■ WHAT YOU HAVE TO DO
The reply should contain every line of the data, repeated exactly, and no pictures.

──────── GIVEN DATA

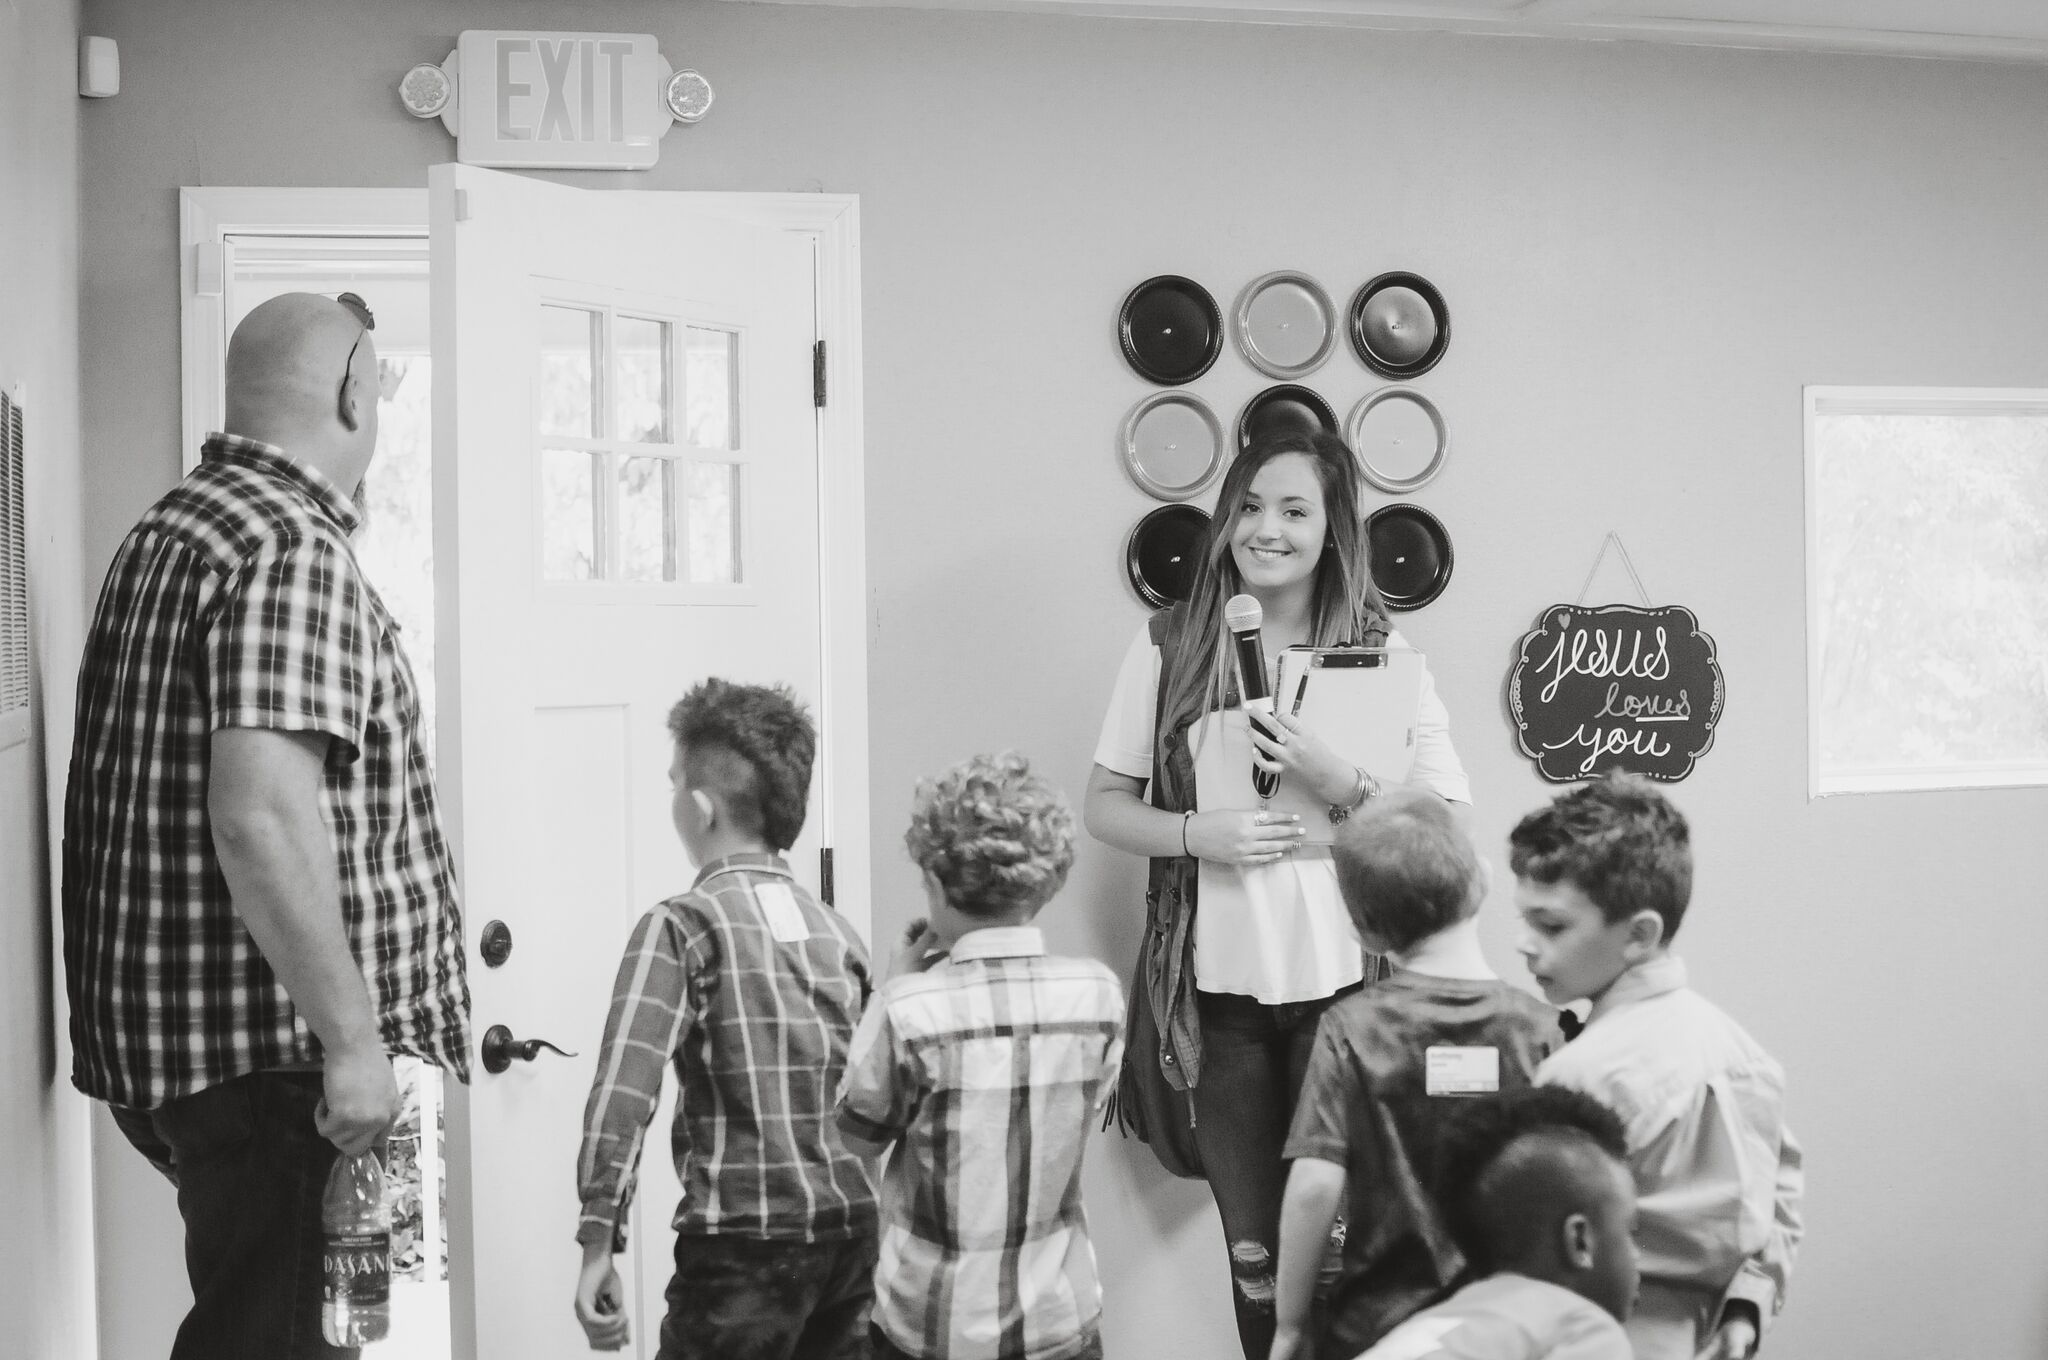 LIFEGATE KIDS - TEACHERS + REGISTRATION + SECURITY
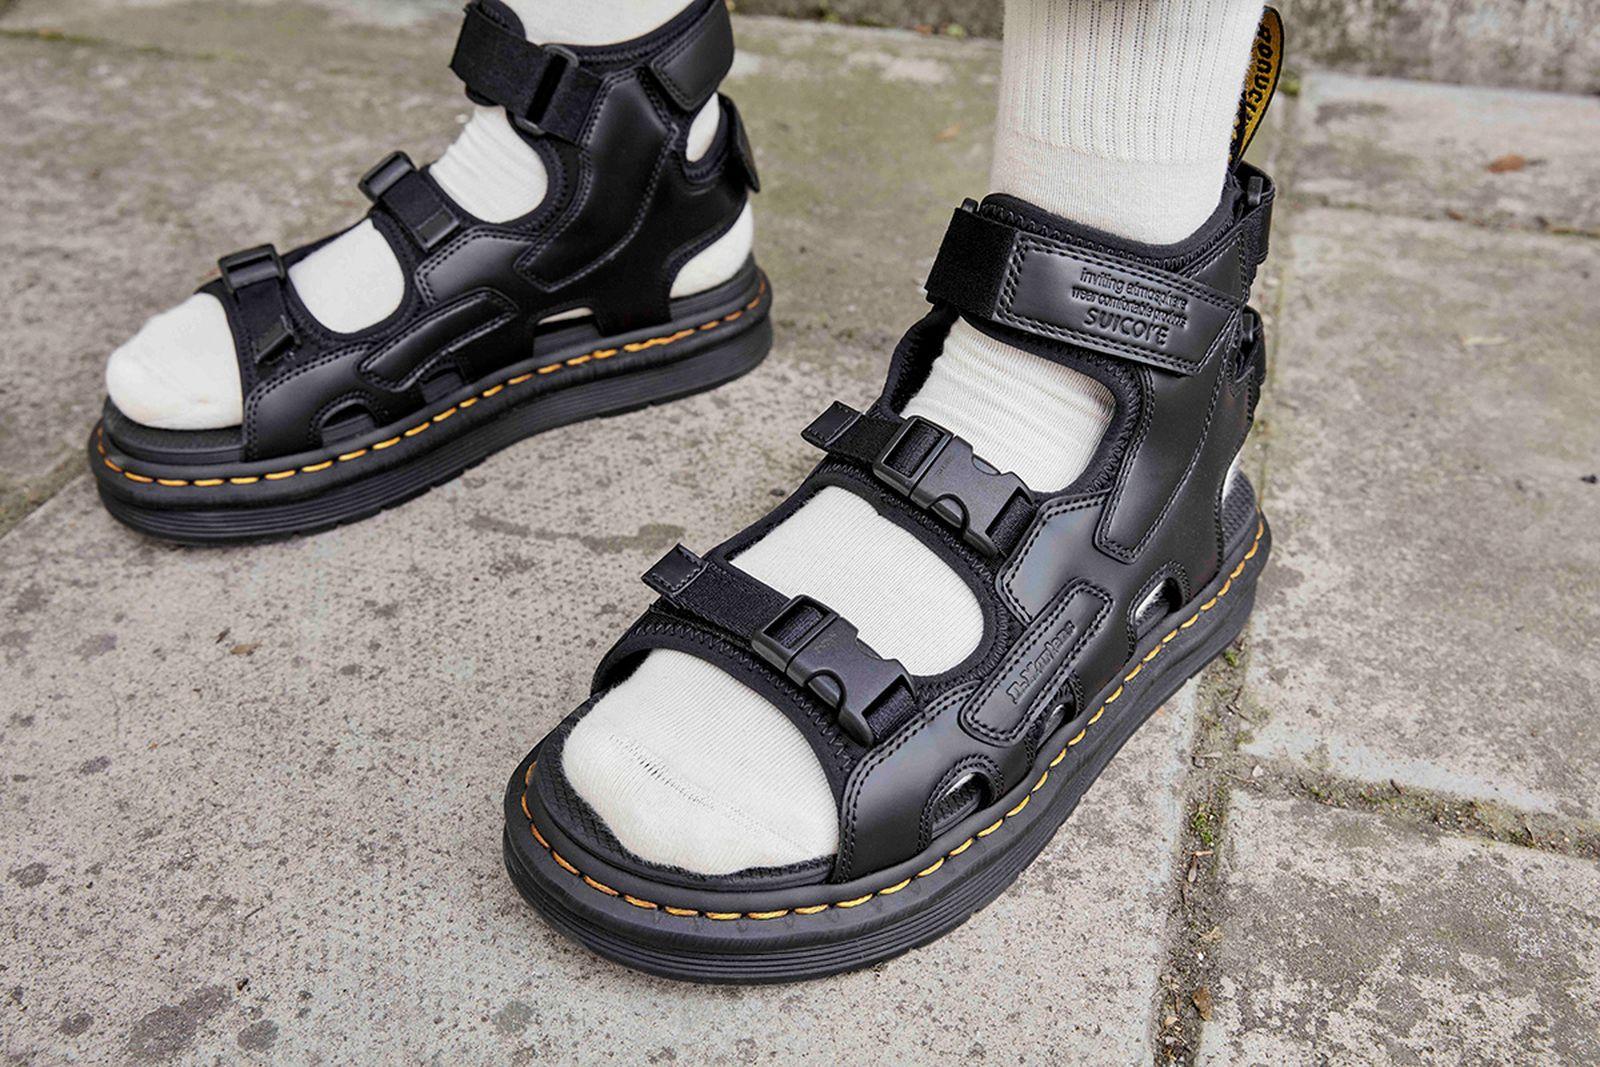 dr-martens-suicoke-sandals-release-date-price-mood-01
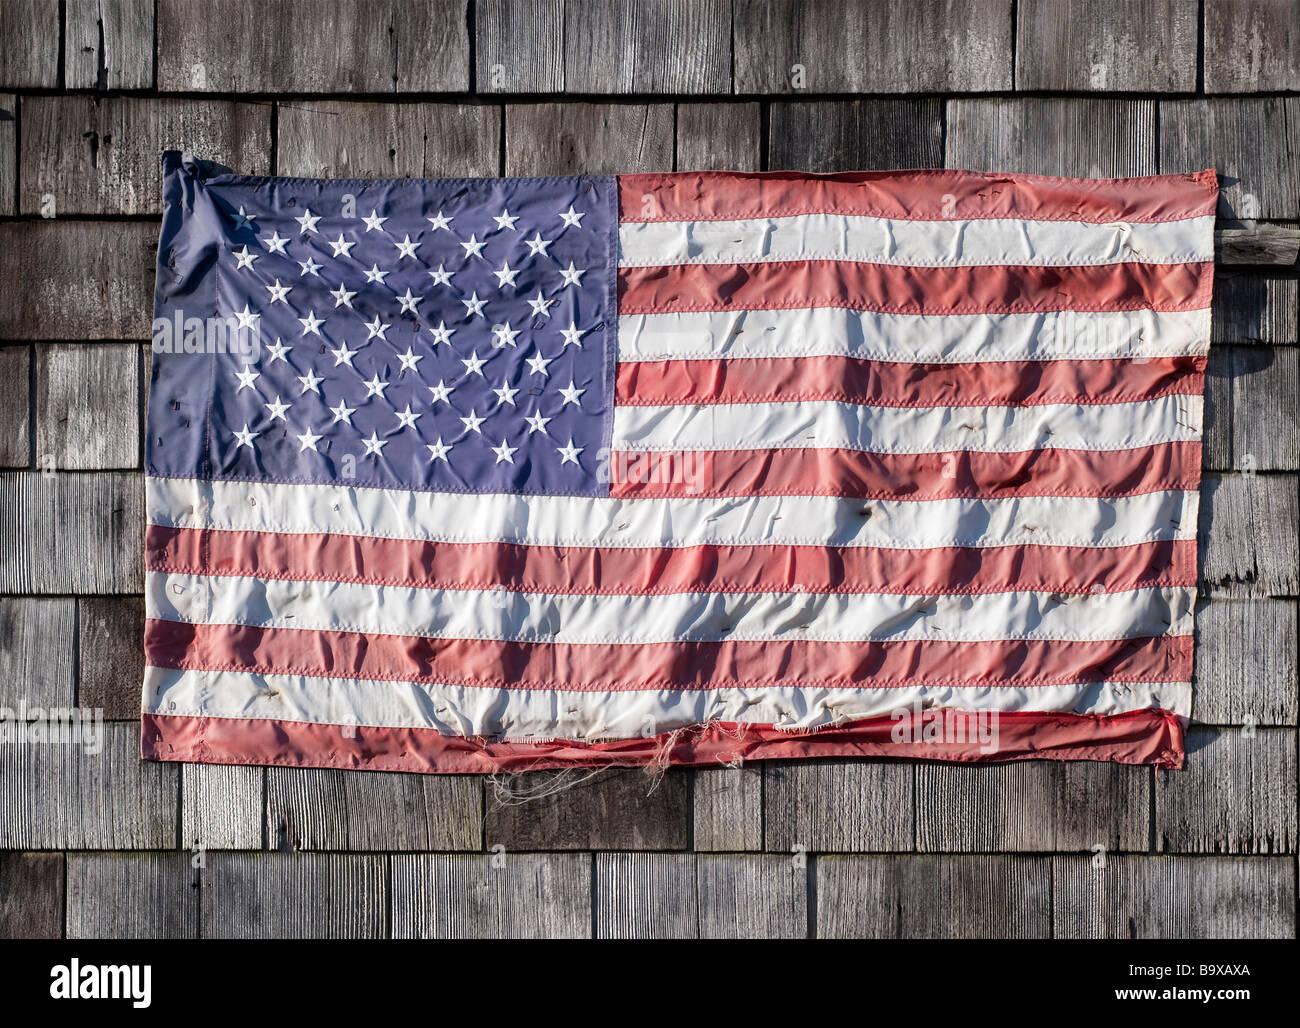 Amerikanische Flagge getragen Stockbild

────────────────

■ ANSWER FOR THE TASK
 LIFEGATE KIDS - TEACHERS + REGISTRATION + SECURITY
 dr-martens-suicoke-sandals-release-date-price-mood-01
 Amerikanische Flagge getragen Stockbild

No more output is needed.